Thomas decided to run the script on the server that would issue alerts as soon as slots were available. His website under45.in adds people to relevant Telegram groups in their areas. As of July 1, his tool was being used in 675-odd districts across the country and has 41 lakh subscribers. As of July 5, code-sharing service Github showed 2,430 repository results for CoWin slot-booking alert systems in India.
But despite the alerts, it is still difficult to find slots, Thomas says. “For example, until about two weeks ago in Ernakulam, Kerala, we had close to 60,000 to 70,000 people in the Telegram group wanting vaccines, but only 200 or 250 slots opened on a daily basis. Even those 250 slots did not come together, but in batches of 100 or 50, making it more difficult for people to access CoWin and book slots,” he says.
Thomas sees the usefulness of CoWin as a centralised database of information for studying data trends for pandemic management. “We face issues because everyone does not have access to the internet, plus there’s a vaccine shortage,” he says. “So while I understand the need for CoWin, I don’t know how well its current form has been thought through.”
How will all this data be used?
Sugathan says they know of several instances where “people had not been asked for consent for creation of UHID, but ended up getting one. This does not constitute informed consent,” he says, adding that creation of UHID “under the garb of vaccination process” is not in compliance with the SC decision in KS Puttaswamy vs Union of India (2017) on the Fundamental Right to Privacy.
Tanmay Singh, associate litigation counsel at the Internet Freedom Foundation, says that CoWin is following the Aadhaar playbook. “While people now have a choice to link CoWin with UHID, we have seen in the past how 'voluntary' has become 'mandatory' and people are left with no choice but to comply,” he says, adding that this is likely to become a bigger concern as the UHID gains ground in the wake of the scaling up of the National Digital Health Mission (NDHM). He points to how Digilocker is a partner programme for CoWin. “This is all a data-collection exercise.”
The Personal Data Protection (PDP) Bill, 2019, has still not been passed by Parliament, in the absence of which, there is no clarity on how the government will use the personal data collected via CoWin, says Singh. “This is a cause for concern, because we don’t know what is going to be done with this data, which parties this is going to be shared with, and for what purpose.

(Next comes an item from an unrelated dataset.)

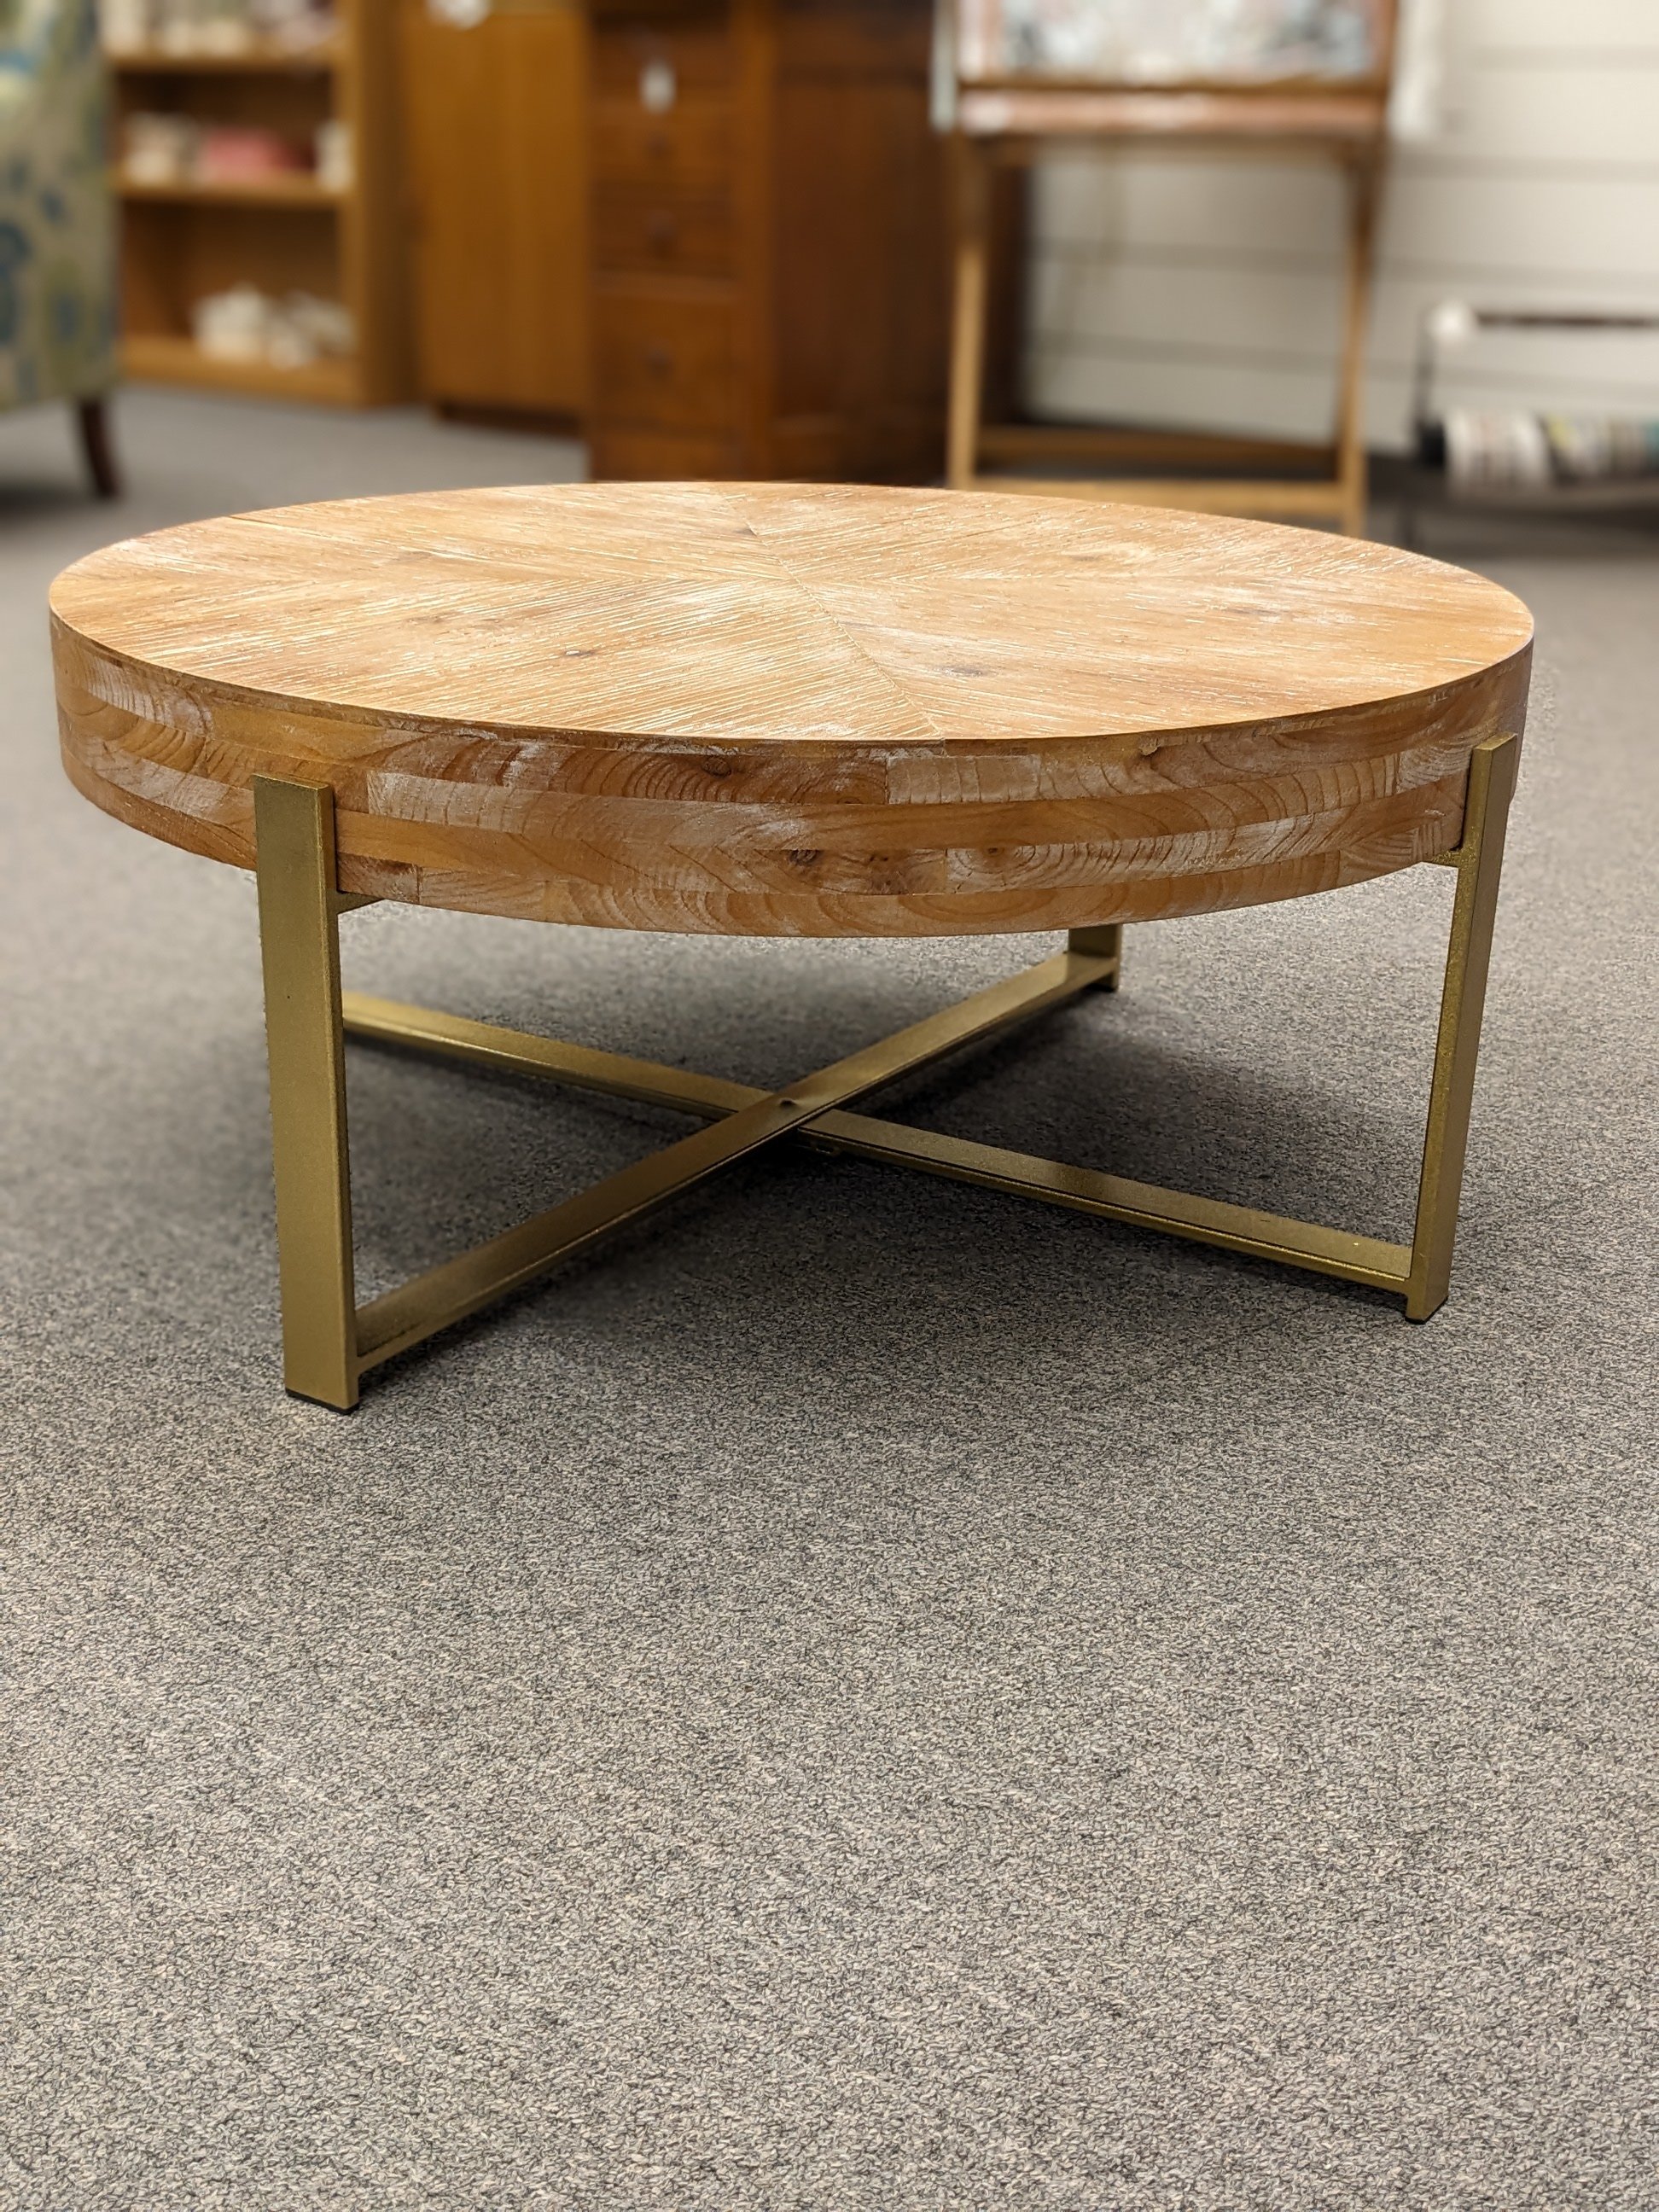 Rustic Modern Round Coffee Table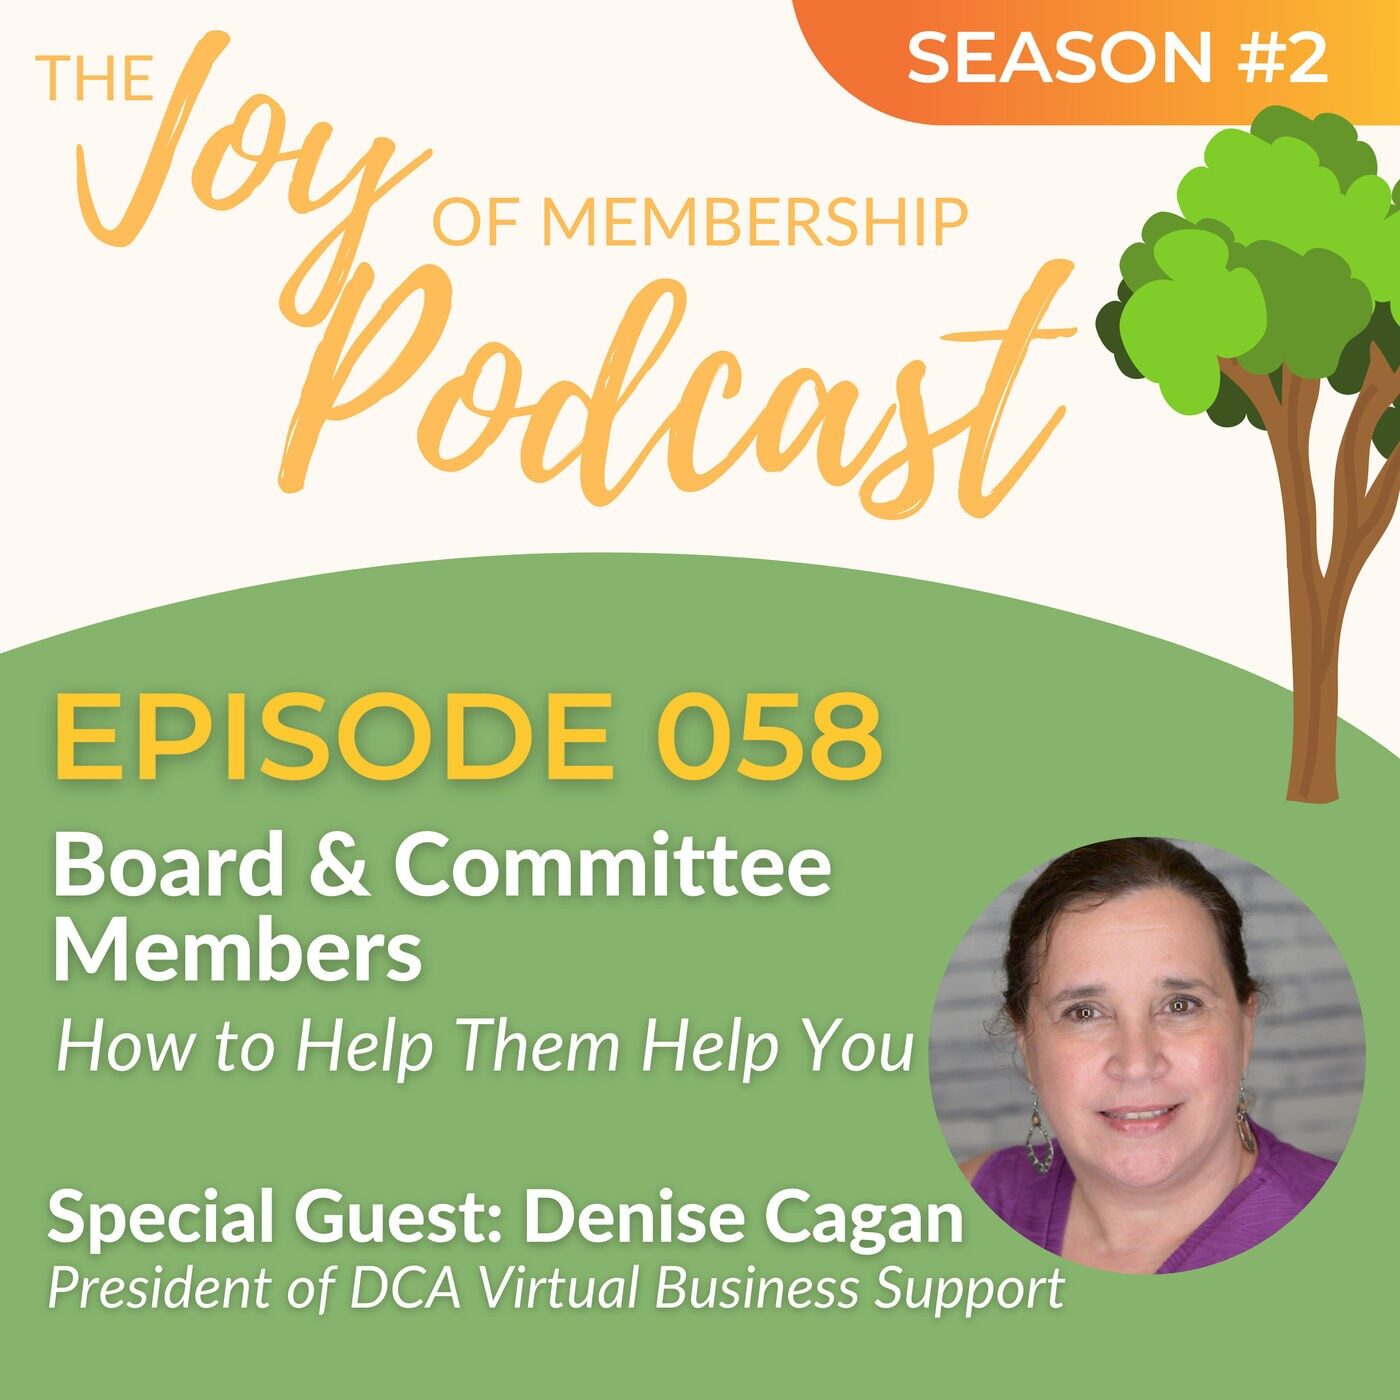 The Joy of Membership Podcast Season 2, Episode 58: Board and Committee Members - How to Help Them Help You. Special Guest Denise Cagan, President of DCA Virtual Business Support. Media

It creates a lot of room for speculation, which, ideally, should not exist.”
Sharma, who was one of the main architects of Aadhaar in India as the chief of the Unique Identification Authority of India (UIDAI), sees a life beyond Covid-19 vaccinations for CoWin by deploying it for other vaccinations and immunisation programmes in the future. He says that in five months since its launch in January, CoWin has got about 300 million registrations. “You cannot say that a product has achieved finality in five months. It is obviously a work-in-progress and we will continue to add features as required by the policy or people-centricity of the platform.”
Singh agrees that officials have been consistently improving CoWin, based on feedback, which is why the platform today is not the same as the one that was launched in January. “But when you make a platform of this nature, and more importantly, when you make it the only way to access vaccines, you must get it right the first time. Because if there are issues that lead to even 1 percent of the population getting excluded, that's more than a crore people,” he says. “With the technology solution as it is now, you stand to exclude not just 1 percent, but 20-30 percent of the population, which is a mind-boggling number.”